Wilderness Festival 2012

The Wilderness Festival in Cornbury Park, near Charlbury in Oxfordshire, attracted no less than 14 000 visitors over a weekend in mid-August this year. Set in the 1700 acre grounds of the family home of Lord and Lady Rotherwick, it showcases a number of theatrical, artistic, dramatic, musical, literary and foodie events which bring together both established brand names and smaller, independent and fringe acts.

Wilderness seems to achieve the bringing together of grunge, glamour, grit and gastronomy all in one space, a unique, chiming focal point for musicians, cooks, poets, philosophers and eco-warriors to meet and share their disparate disciplines under a big Oxfordshire sky. The estate’s deer must watch the sundry goings on from their hiding place in the woodlands with much confusion, the harvest of events that keep this stately home in dry roof a bewildering roller coaster of sights and sounds.

The Festival is organised and run by the MAMA group, which is owned by HMV, and Papa Projects, whose managing directors are Rory Bett and Tim Harvey. Cornbury is also home to a much more roaring musical festival earlier on in the year.

When you arrive at Wilderness Festival the first impression is one of a mass encampment: small tents, campervans and tepees flank the central walkway into the main festival arena, steel shield fence lines delineating a barrier between the festival and the rest of the estate.
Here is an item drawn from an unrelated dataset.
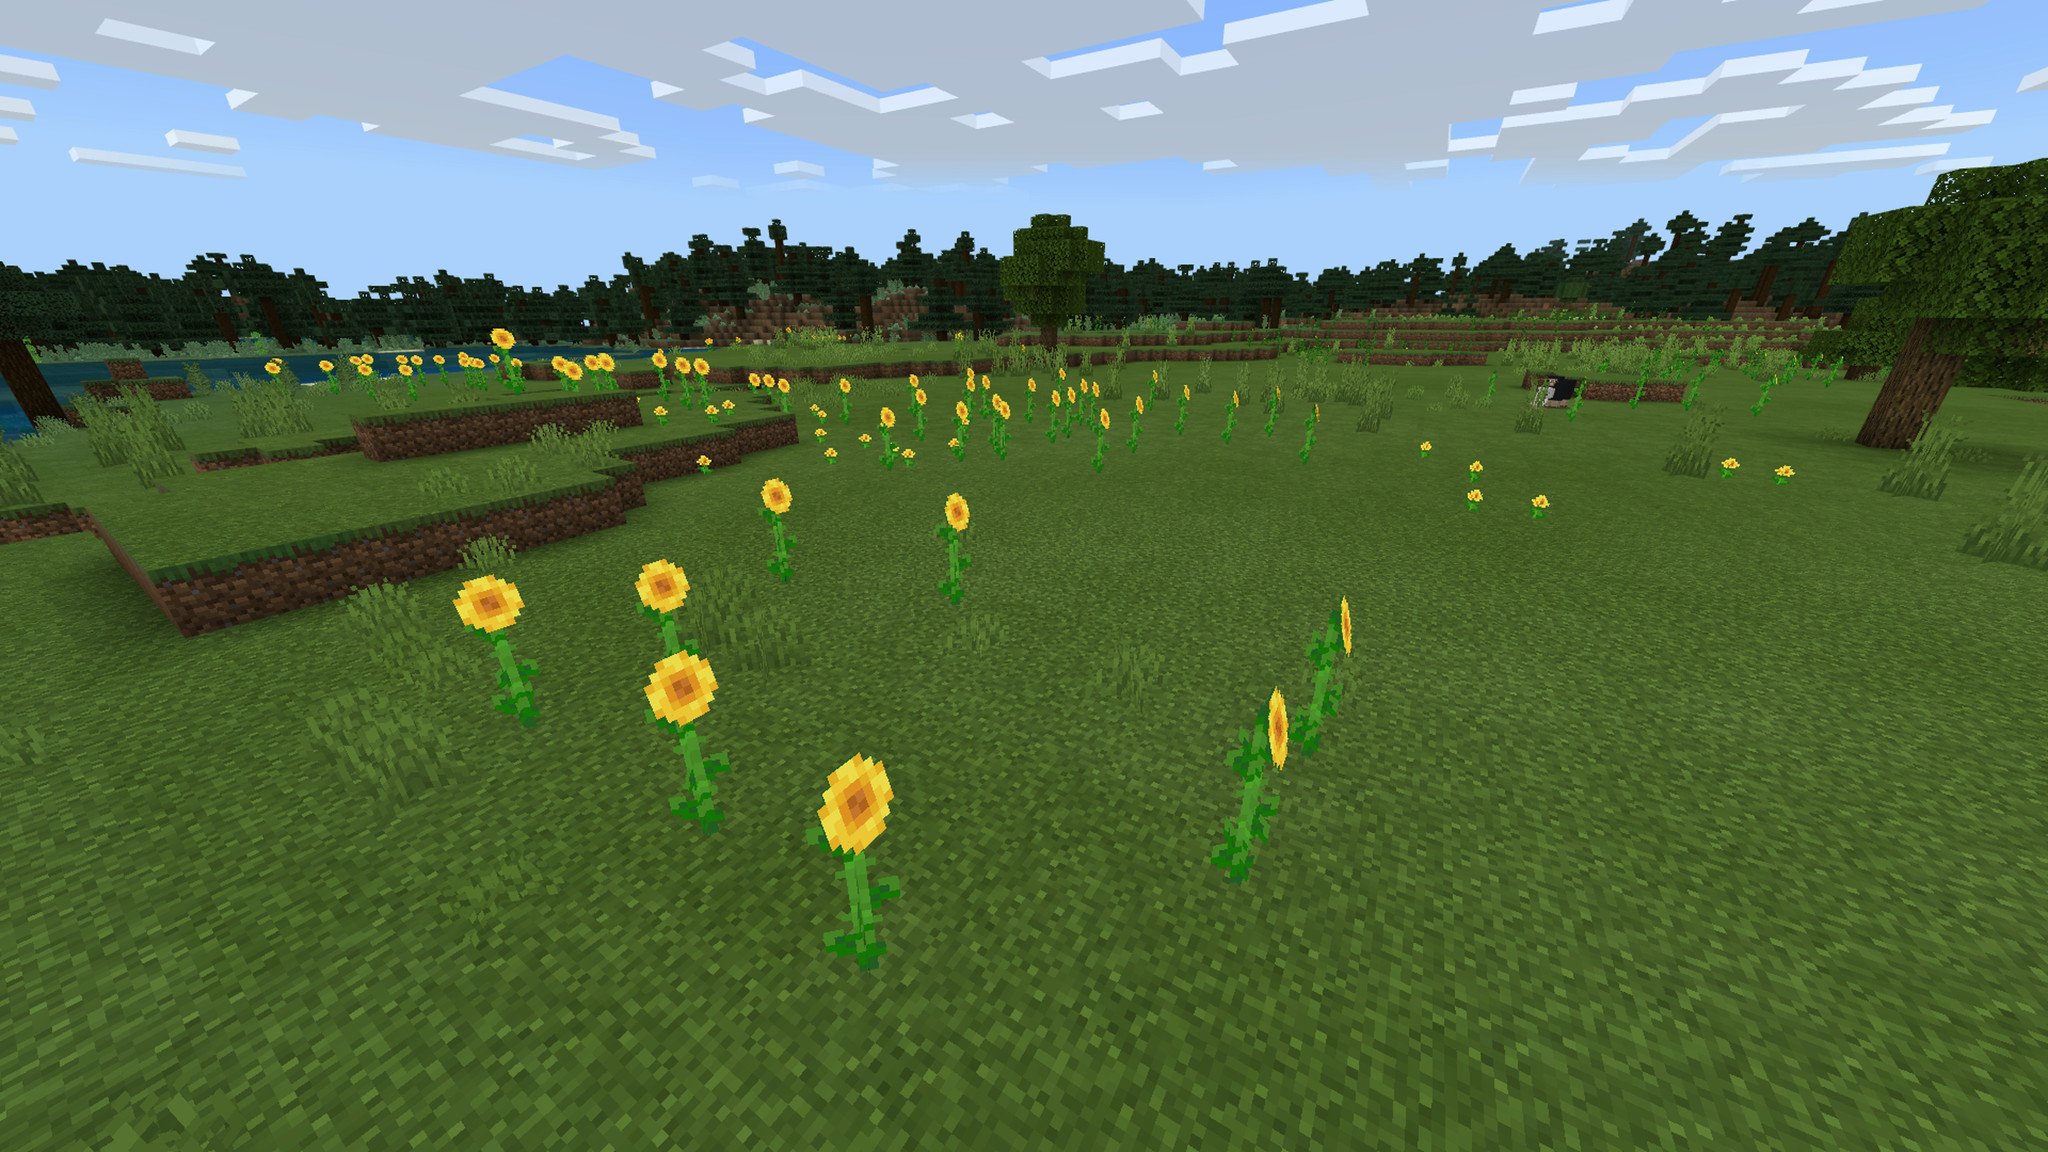 Sunflowers face the sun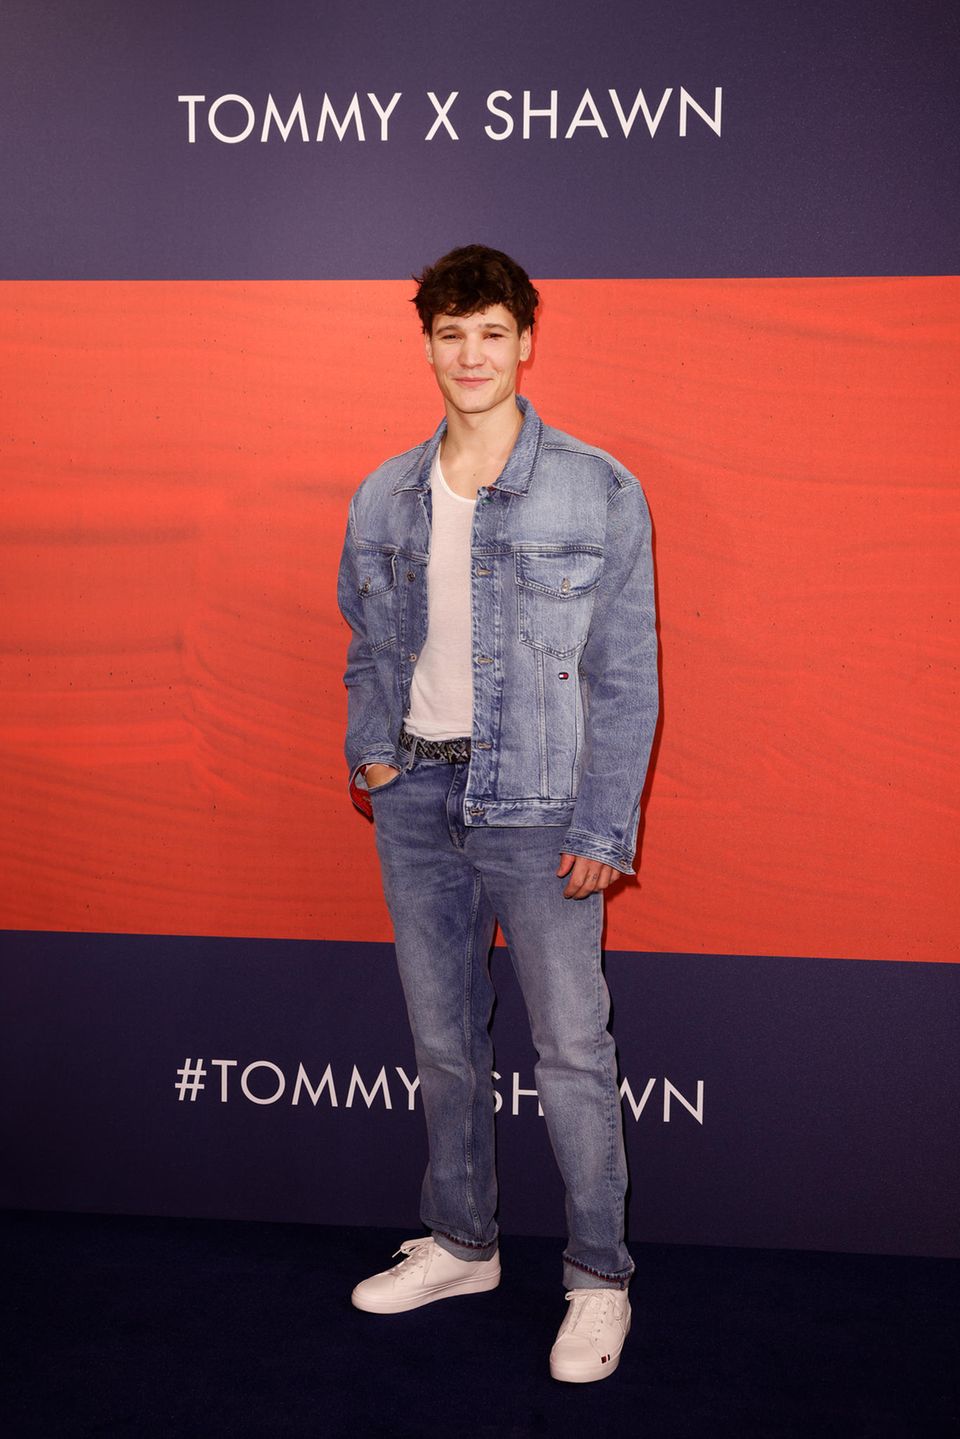 Zum Launch der "Tommy x Shawn" Kollektion kommt auch der deutsche Shawn Mendes – Wincent Weiss. Das Hilfiger-Outfit passt perfekt zu seinem lässigen Style.

In the distance you will see the 17th Century mansion, this year clad with scaffolding, remote yet within ear shot.

Spreading out into a circle you will see huge marquees with cafes, food shops, clothes and crafts sellers, bars, cinemas and workshops. From playing the ukulele to making willow baskets to learning to pick a crab apart or how to make your own home smoker, there is something for everyone to learn or watch.

There are banqueting tables laid out in series that host St.John, Moro, Valentine Warner and Ottolenghi feasts and cafes that serve bottomless tea and coffee with pastries, cakes and freshly baked bread. The standard of the food at Wilderness is very good – higher than many specialist food festivals that I have been to.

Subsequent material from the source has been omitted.